This is the last issue if the Paris Review I have from this era — I just forgot to read it, I guess. I’ve been reading it over lunch the past few weeks, and it reminded me just how good the magazine was around this time — the issue is just one banger after another.
One of the things I like best about the Paris Review is how silent it is. That is, there are no editorials, and there are no author introductions. (There’s a couple pages in the back where you can read more about them, but it’s terse to the point of parody — like, “Angus McGuirwirth has published several novels”, and that’s it.) So unlike, say, McSweeney’s Quarterly, which sometimes seems to carry pieces as an excuse to have editorial matter before and after the material, the Paris Review is just the texts.

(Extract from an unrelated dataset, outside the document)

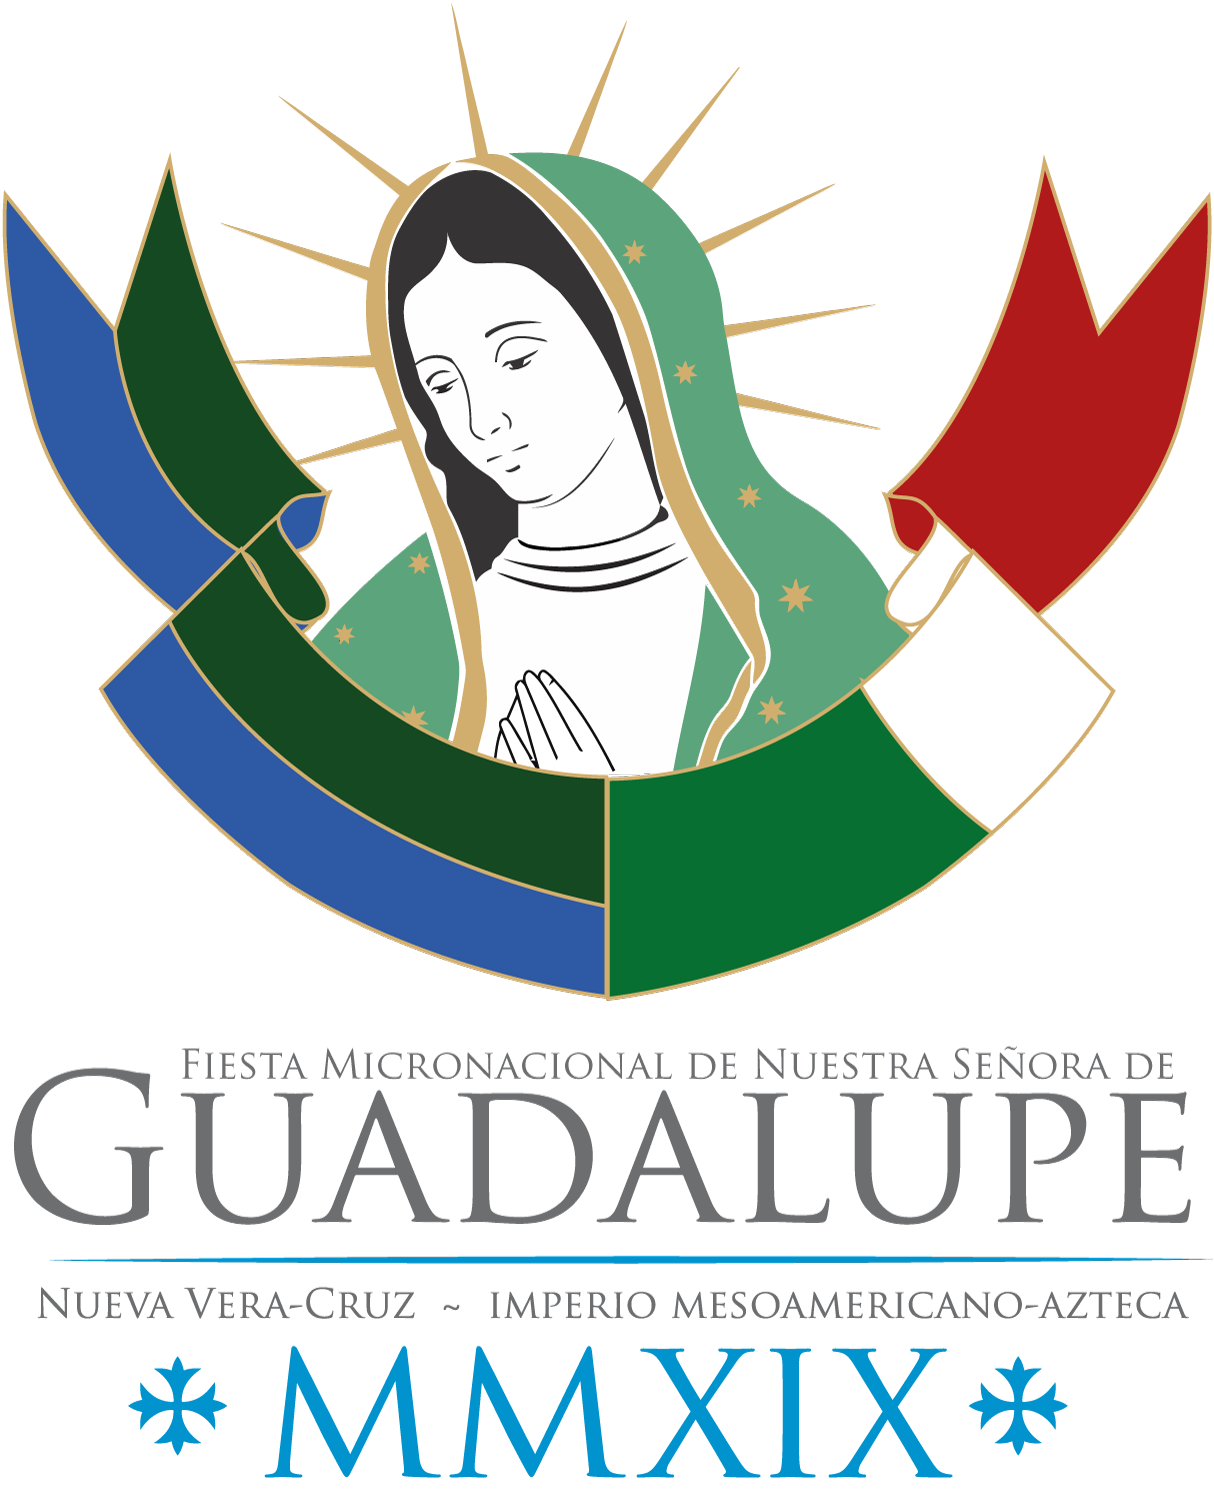 Fiesta Bimicronacional de la Virgen de Guadalupe Azteca - Nueva Vera-Cruz 12/12/2019

So I have no idea who the editor(s) are, really. I mean, there’s a colophon that lists everybody, but who reads that? But it’s obvious that the editor(s) during this era had strong vision — they redesigned the magazine, making the format slightly larger. And they also made the pages ultra clean.
Most American book designers feel compelled to put the author’s name on every other page, and then the title of the book on the other half of the pages. Especially in novels, this just seems insane to me. Are they afraid that the readers will forget what they’re reading? But I think the explanation is much simpler: Americans are basically noise insensitive. Visual clutter doesn’t register at all.
Which reminds me — I was “watching” House Hunters while tidying up yesterday, and basically all the kitchens looked like this. Just a jumble of different sized things, and this is the standard — no appliance has the same depth as any cupboard, and in addition there’s just random heights to everything.
OK, I had to look it up — the editor for this beautiful issue is Emily Nemens, design by Strick & Williams. She left a bit after this, and the magazine is back to the old design.
(The only thing that I don’t enjoy here are the overly white paper used.)
Anyway! Fantastic issue. Like most issues from this period, it also reads very well as a book — the sequencing is perfect.